══ INFORMATION ══
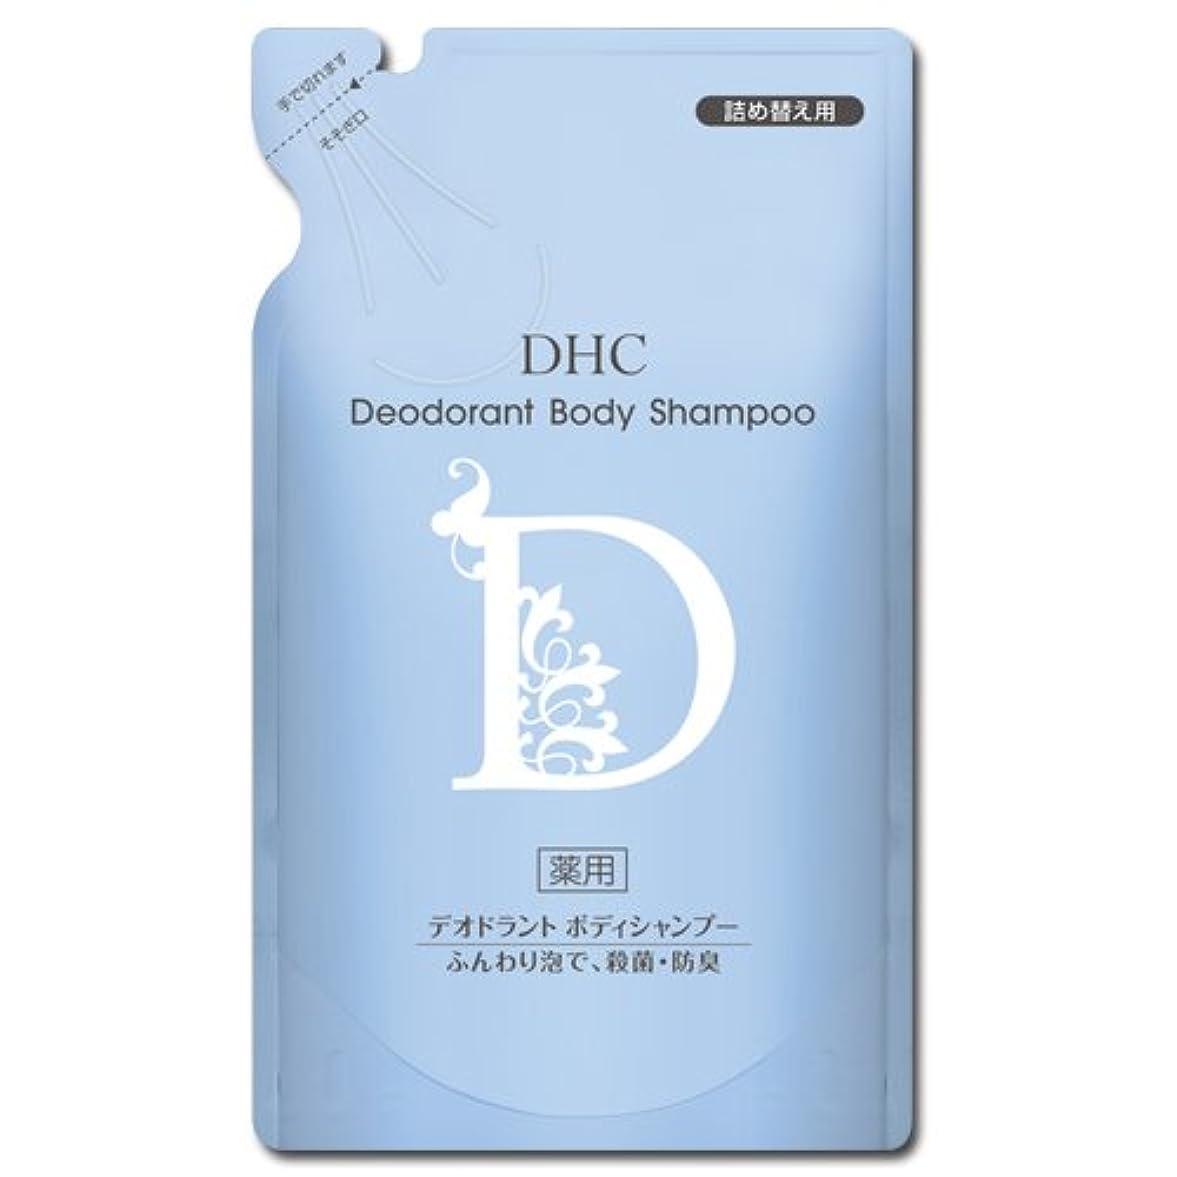 ポーズ範囲時々【医薬部外品】DHC薬用デオドラント ボディシャンプー 詰め替え用
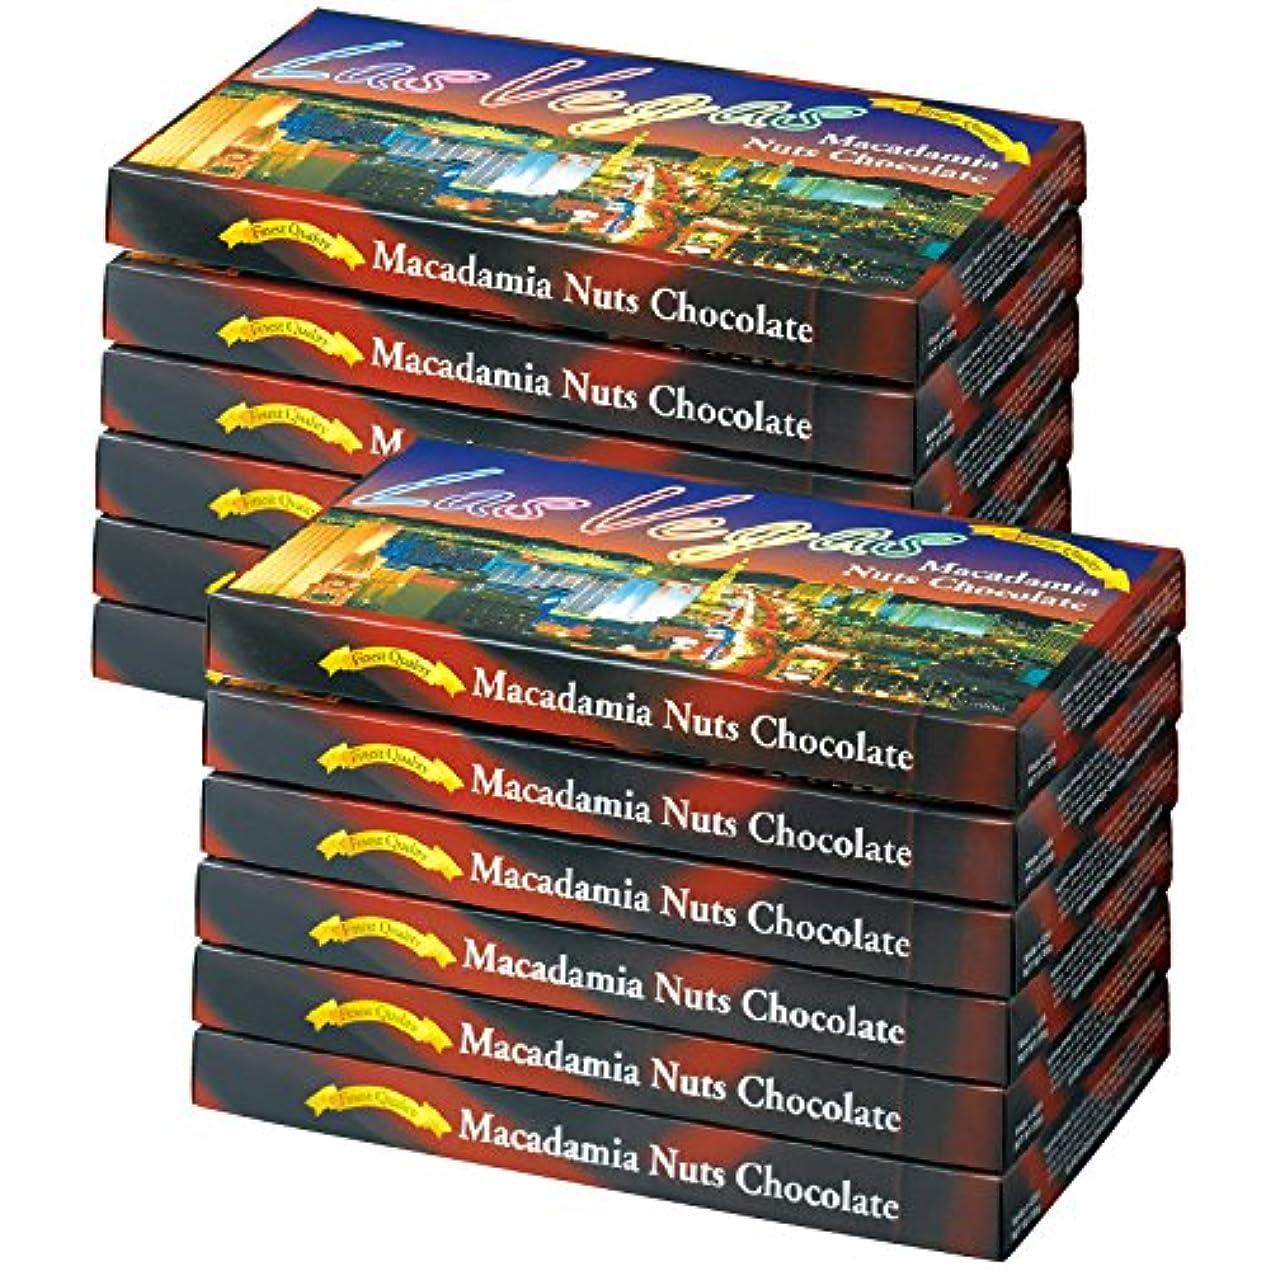 ビーズ細心のアメリカ 土産 ラスベガス マカデミアナッツチョコレート 12箱セット (海外旅行 アメリカ お土産)
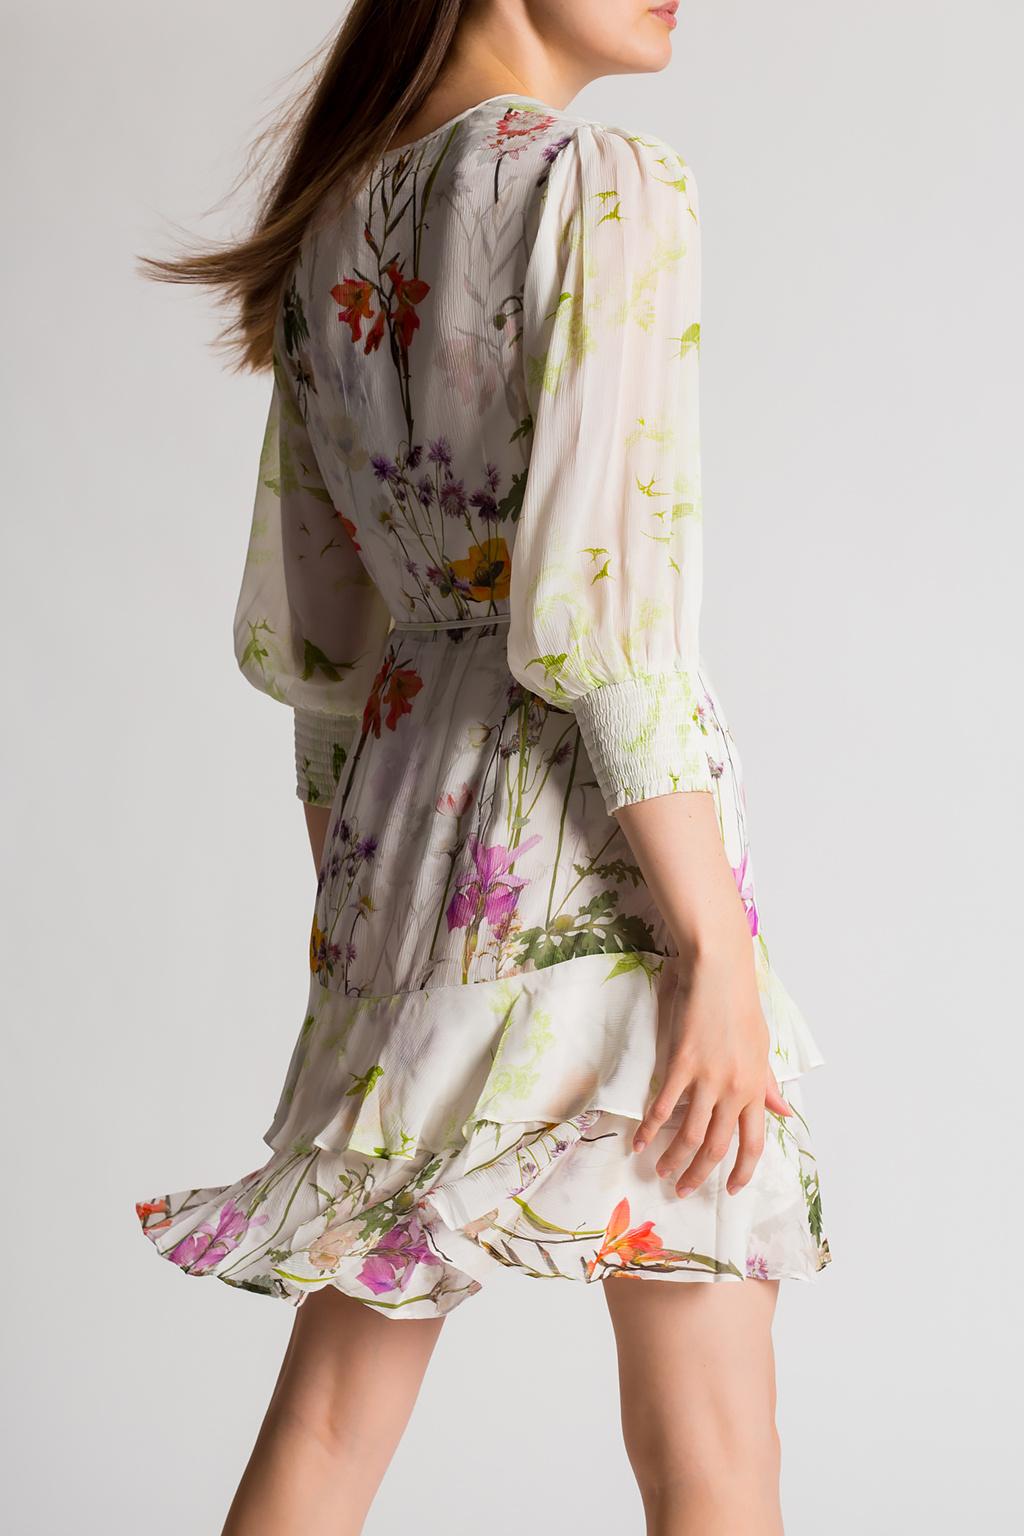 AllSaints 'Ari' dress with floral motif
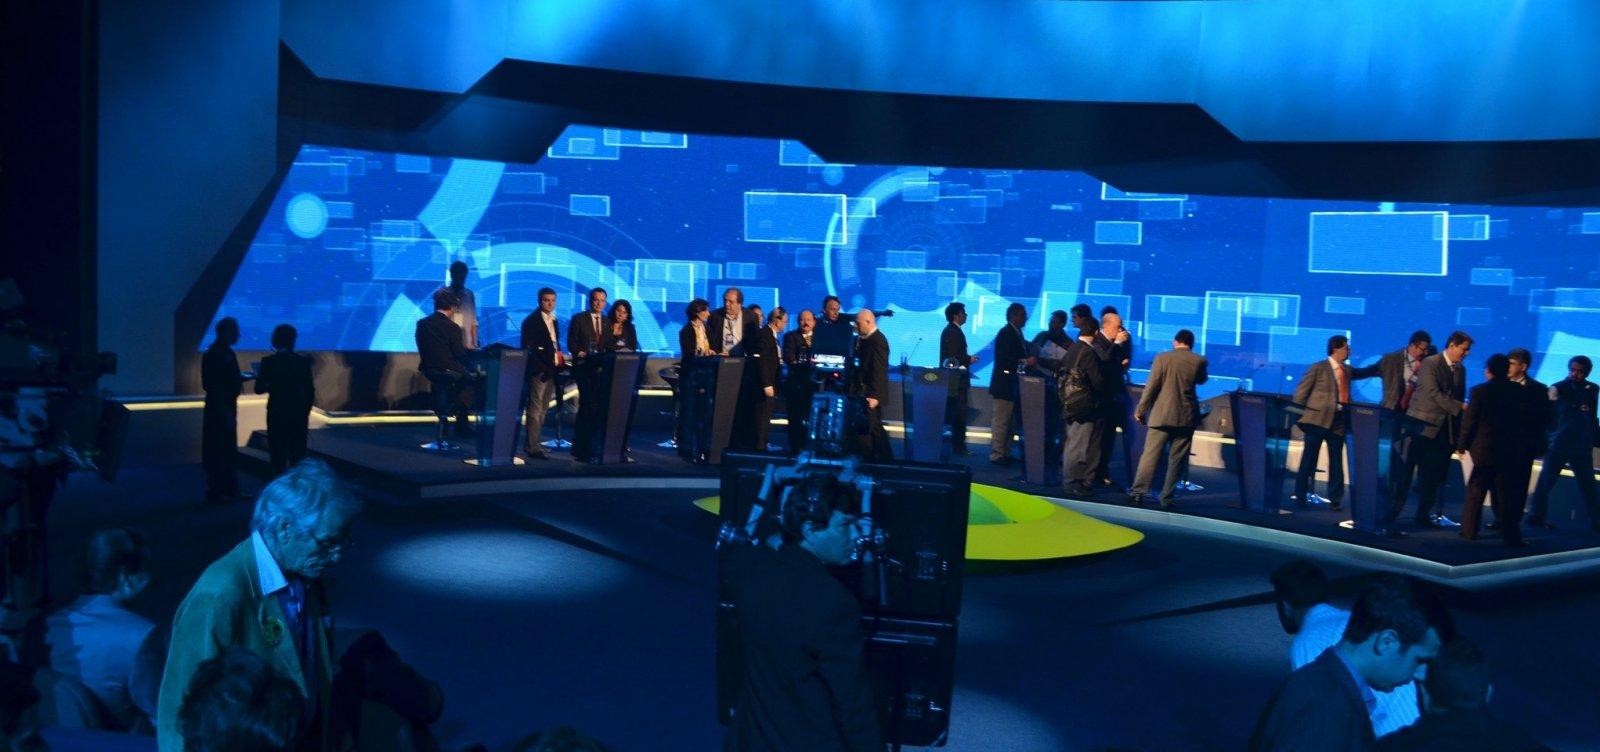 Os candidatos a presidente da República se enfrentam hoje (9) pela primeira vez em um debate de televisão. O encontro vai acontecer as 10 horas da noite na TV Bandeirantes.  O programa será mediado pelo jornalista Ricardo Boechat. Dos 13 nomes, apenas os oito cujos partidos têm no mínimo cinco deputados na Câmara vão participar: Álvaro Dias (Podemos), Cabo Daciolo (Patriota), Ciro Gomes (PDT), Geraldo Alckmin (PSDB), Guilherme Boulos (PSOL), Henrique Meirelles (MDB), Jair Bolsonaro (PSL) e Marina Silva (Rede).  O ex-presidente Luiz Inácio Lula da Silva (PT) não vai estar presente por estar preso na sede da Superintendência da Polícia Federal, em Curitiba, após ser condenado em segunda instância por corrupção e lavagem de dinheiro.
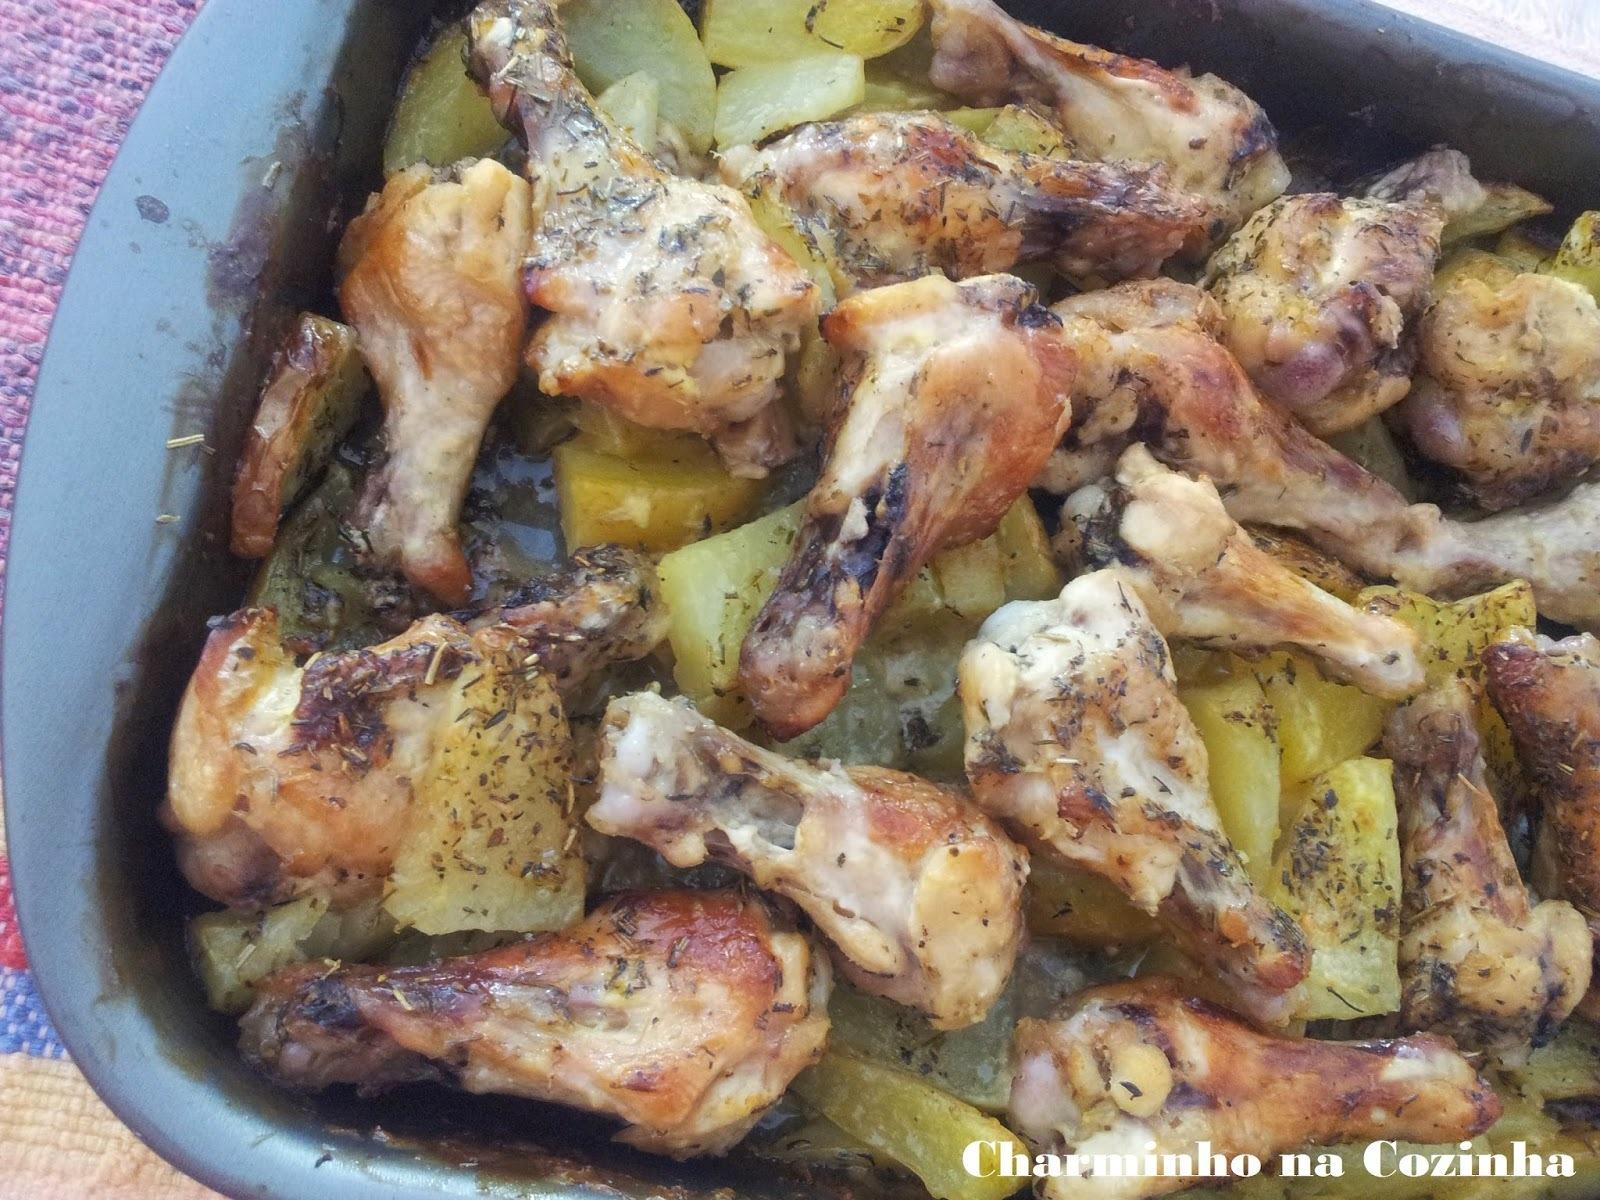 Coxinhas de frango assadas com batatas e ervas
═══
### EXERCISE REQUIREMENTS
Everything in the entries above should be transcribed exactly, apart from the pictures.

### RESPONSE BOX
 ポーズ範囲時々【医薬部外品】DHC薬用デオドラント ボディシャンプー 詰め替え用
 ビーズ細心のアメリカ 土産 ラスベガス マカデミアナッツチョコレート 12箱セット (海外旅行 アメリカ お土産)
 AllSaints 'Ari' dress with floral motif
 Os candidatos a presidente da República se enfrentam hoje (9) pela primeira vez em um debate de televisão. O encontro vai acontecer as 10 horas da noite na TV Bandeirantes.  O programa será mediado pelo jornalista Ricardo Boechat. Dos 13 nomes, apenas os oito cujos partidos têm no mínimo cinco deputados na Câmara vão participar: Álvaro Dias (Podemos), Cabo Daciolo (Patriota), Ciro Gomes (PDT), Geraldo Alckmin (PSDB), Guilherme Boulos (PSOL), Henrique Meirelles (MDB), Jair Bolsonaro (PSL) e Marina Silva (Rede).  O ex-presidente Luiz Inácio Lula da Silva (PT) não vai estar presente por estar preso na sede da Superintendência da Polícia Federal, em Curitiba, após ser condenado em segunda instância por corrupção e lavagem de dinheiro.
 Coxinhas de frango assadas com batatas e ervas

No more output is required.